Sinn Fein MLA Gerry Kelly and high profile Catholic priest Fr Gary Donegan were also confronted by protesters shouting "shame" and "sell out".

It was agreed the bands would only play hymns as they passed the disputed section at Ardoyne, while the lodges would limit the number of banners on display.

A so-called protest camp in the nearby Twaddell area, where loyalists have staged weekly parades which have cost in excess of £20 million to police, is also being dismantled.

In return, Cara did not request Parades Commission permission for a protest.

The lodges have agreed not to apply for any more return parades on the Twelfth until a wider agreement on the issue is reached. Cara will not protest at the lodges' already-permitted outward parade on the morning of the Twelfth.

A local community forum including representatives of Cara, which has been supported by Sinn Fein, and the loyal orders, will also be convened with the aim of improving community relations in the area.

The historic deal was endorsed by local politicians as well as the British and Irish Governments, and church and community leaders.

Spencer Beattie, Orange Order County Grand Master said there was a sense of "relief".

He said: "The agreement reached did not come easy, but it is founded on mutual tolerance and respect.

"Going forward, we trust this positive atmosphere will prevail regarding future parades in north Belfast, including future return parades along the Crumlin Road."

Gerry Kelly, who watched the parade, welcomed the peaceful atmosphere and said it heralded a new era for the area blighted by years of rioting when sectarian tensions spilled over.

He said: "Now we have the potential to move forward. I want this to open up many more good relationships."

The Sinn Fein MLA said he was confident there was enough "will on both sides" to make the new deal work.

"I think it is the dawn of a new era in this area and of course there is a knock-on effect.
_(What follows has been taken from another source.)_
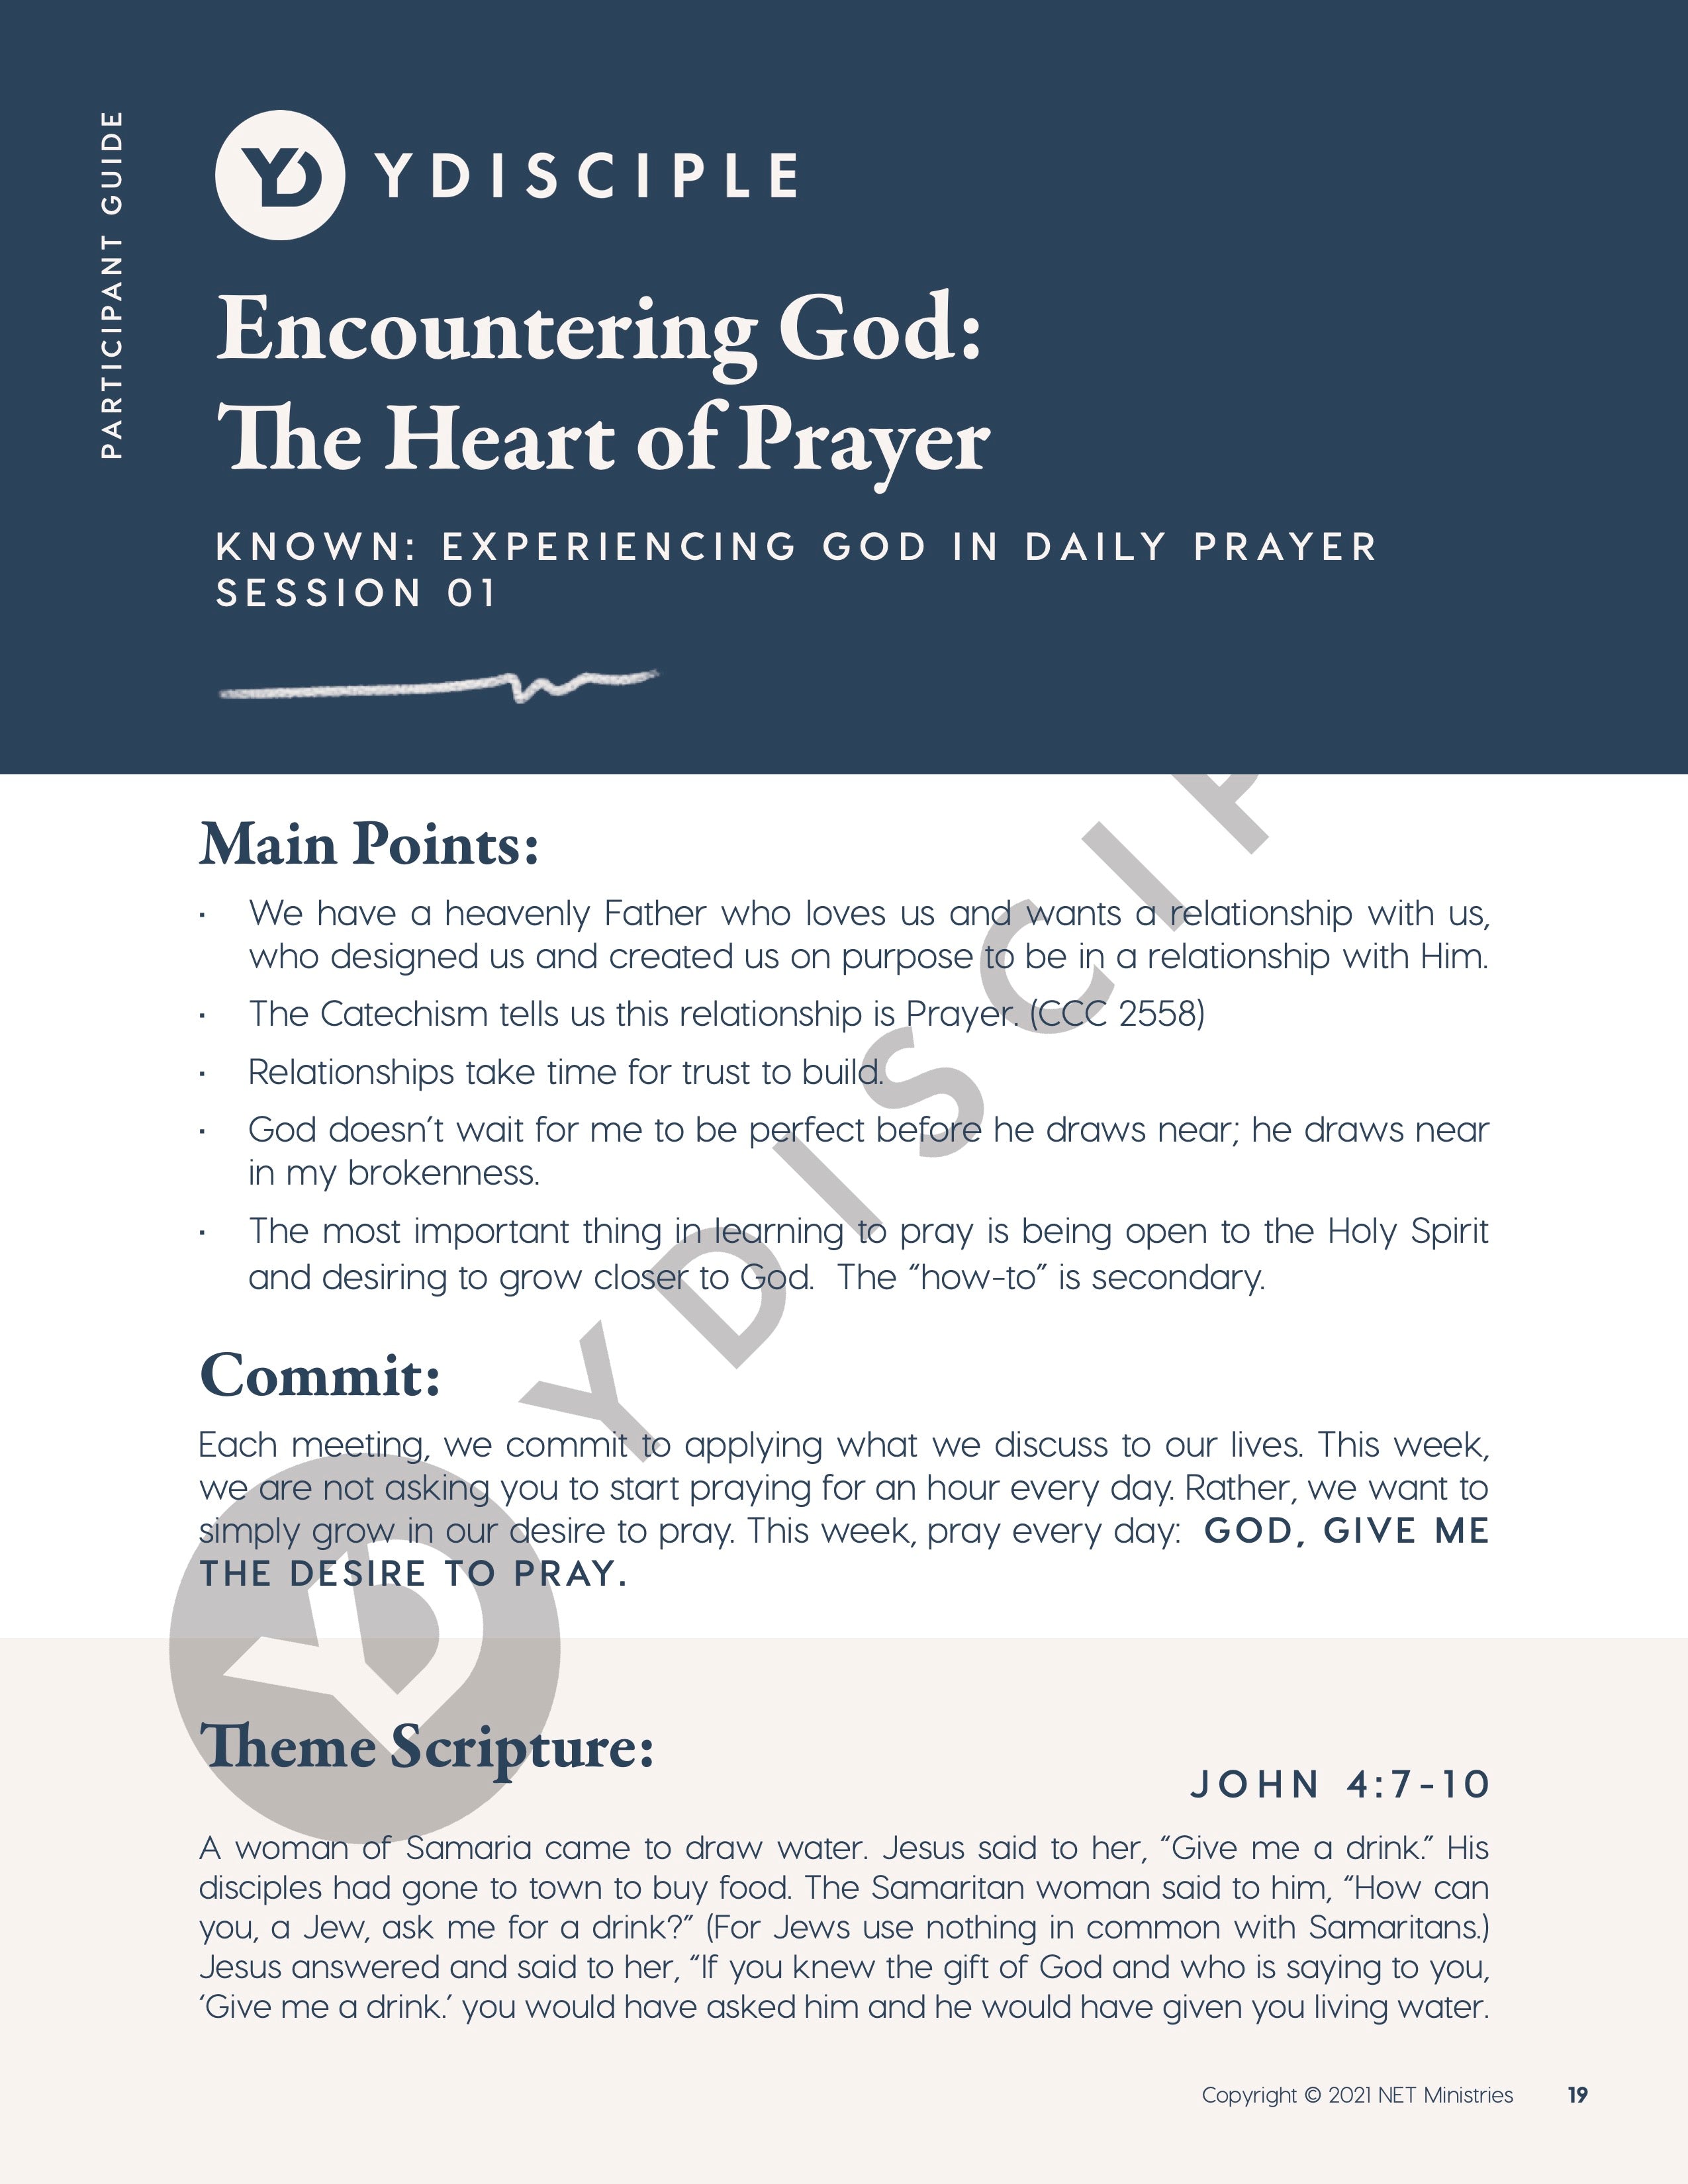 Known: Experiencing God in Daily Prayer - Extra Leader Guides

We will be looking to this and gaining hope for other areas," he added.

As he left the area, Mr Kelly was heckled by angry republican protesters who branded him a "traitor".
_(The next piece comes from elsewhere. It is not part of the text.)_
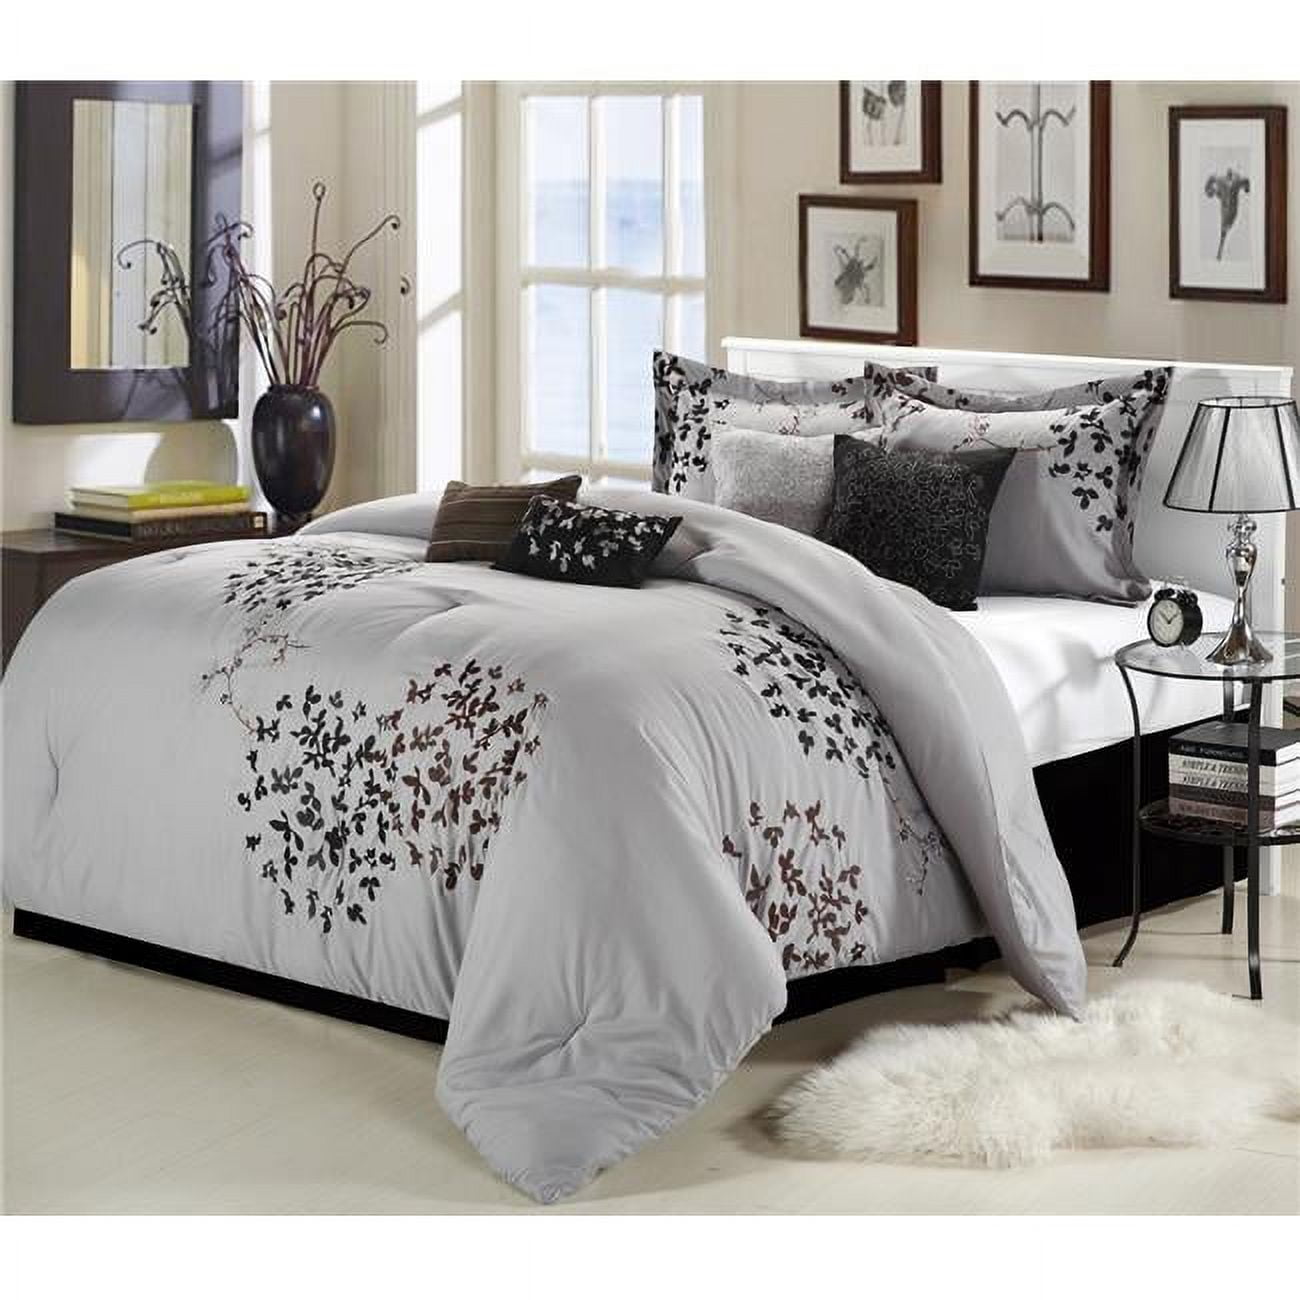 25-84-q-06-us Cheila 12 Piece Bed In A Bag Embroidered Comforter Set With 4 Piece Sheet Set, Silver - Queen

Police in riot gear blocked their path as they attempted to make contact with the veteran politician and there were minor clashes.

At one point a hot drink was thrown in the face of an officer.
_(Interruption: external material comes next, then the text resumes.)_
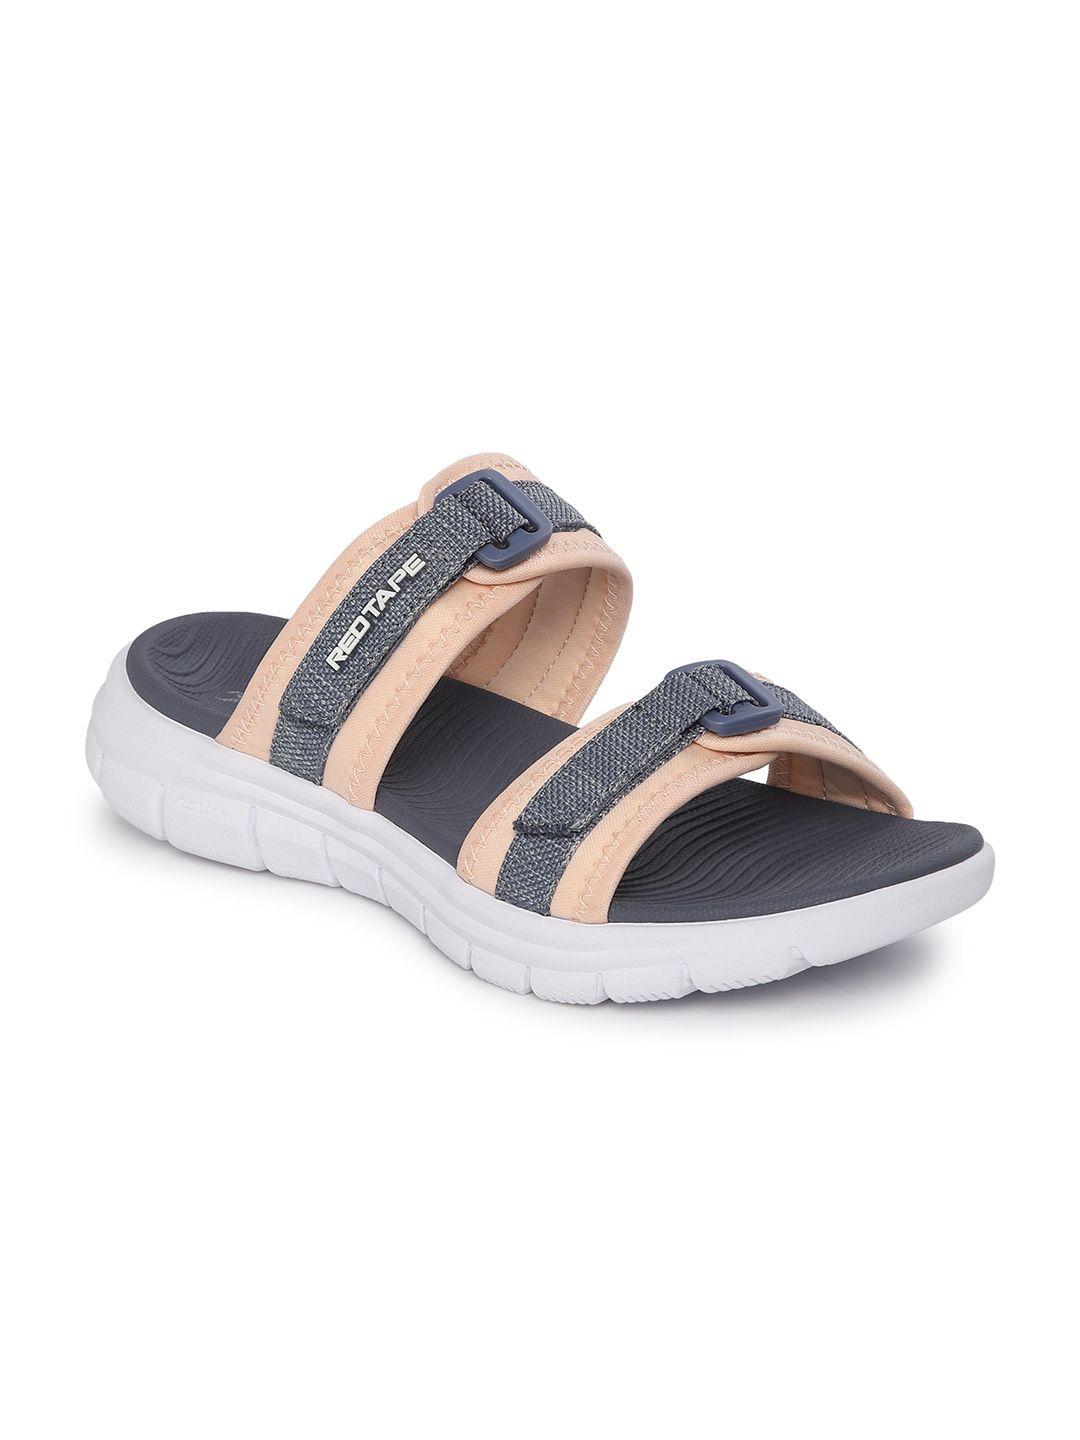 red tape women navy blue & peach-coloured colourblocked sports sandals

GARC, which was widely blamed for orchestrating violence following previous loyal order parades, described the historic agreement as a "shady deal".

The group's protest had been limited to 60 people and confined to a specific section of Crumlin Road.

Metal barriers were put in place to ensure the Parades Commission determination was not breached.

Spokesman Dee Fennell slammed the policing operation.

He said: "We have seen hundreds of PSNI officers caging in this community in order to facilitate an unwanted sectarian parade. The vast majority of residents have rejected all sectarian parades and we have seen a heavy military operation which defeats the notion that there is widespread community support for this deal."

On Friday around 200 people attended a demonstration organised by GARC - long-time critics of Sinn Fein - aimed at highlighting opposition to Orange marches in Ardoyne.

The security bill associated with the impasse which included policing loyalist nightly parades at Twaddell is in the millions.

At its height it was estimated to cost around £1 million a week.

PSNI was also targeted a number of times by violent dissident republicans intent on murder.

Assistant Chief Constable Stephen Martin has praised the efforts of all involved in finding a resolution.

He said: "This weekend has seen a number of notified parades and protests take place in north Belfast. Thankfully, all of these passed off peacefully due to the concerted effort of a wide number of individuals.

"The impact that positive dialogue and discussion has played in this process cannot be underestimated and I congratulate all those who helped today to happen."

Church leaders have also hailed the talks process with Presbyterian Moderator Dr Frank Sellar describing the peaceful parade as a "watershed moment".

Northern Ireland Secretary James Brokenshire said the march brought a welcome end to one of the region's most difficult disputes.

He added: "It sends a strong signal that dialogue can work and provides a platform of co-operation on which all involved will be able to build."